Alice Gray is a neuroscience graduate from Cardiff University, who since graduating has been committed to the cause of improving the representation of women in science and scientific engagement. She set up the Mind-ful blog in 2013, which discusses a variety of topics surrounding the issues that face women in science, and she was named alongside famous sports icons, international politicians and campaigners in BBC’s 100 Women project in 2015, on a list of 100 inspiring women. Alice spoke at the European Space Agency in Paris in July 2016 about the ways to encourage more women into STEM (science / technology / engineering / maths).
“…We wanted to create something that would help to spread the word about what these women had done for science. So, we created a series of limited edition postcards featuring hand-drawn designs of Katherine Johnson, Margaret Hamilton and Jocelyn Bell Burnell…”

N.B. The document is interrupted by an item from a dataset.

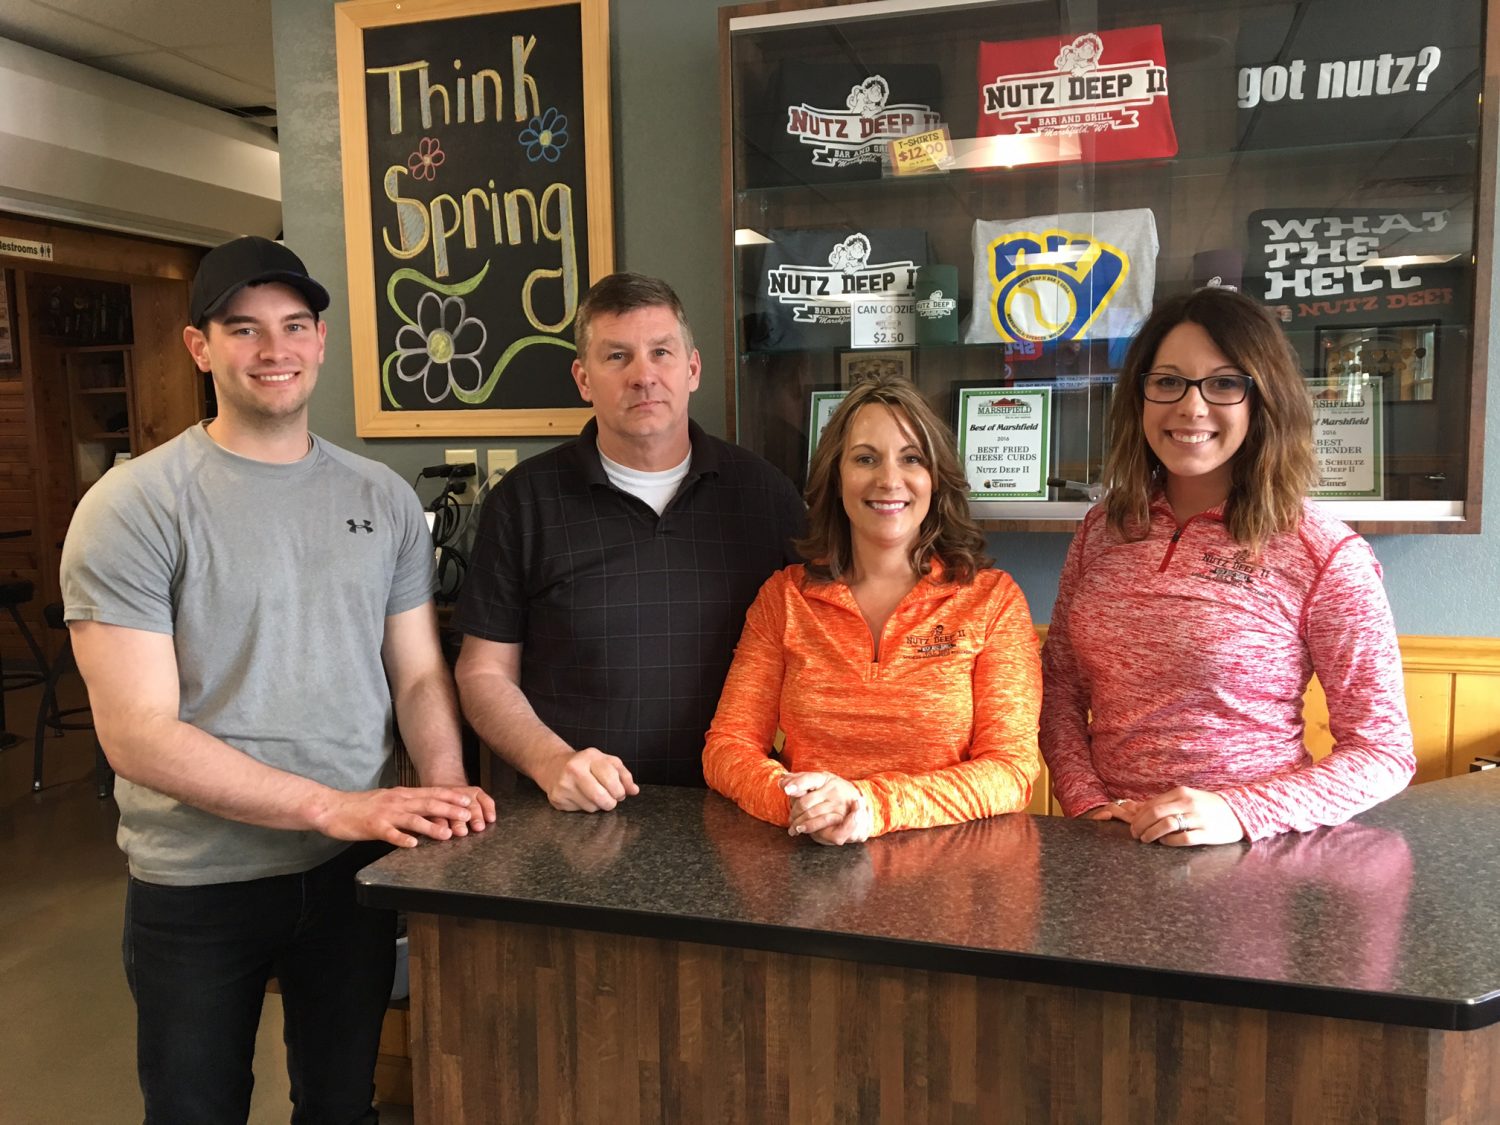 From left: The Schutz family  Andy, Dewey, Lisa, and Ann  has been a staple on the corner of Eighth Street and Central Avenue for over 30 years running Nutz Deep II.

Same genes, different career aspirations
As another International Women’s Day approaches, I think back to my time as a young girl, running around the garden with my twin sister. I would never have imagined that the world was trying to shape us to fit the mould of a ‘stereotypical woman’.
As Ellie and I grew up, I became aware that certain things were expected of us and our careers, as people began to assume that our aspirations fitted typical ‘jobs for women’. And, because we were identical twins, people expected that our career aspirations were the same. However, we had a barrier helping to protect us against this – our parents.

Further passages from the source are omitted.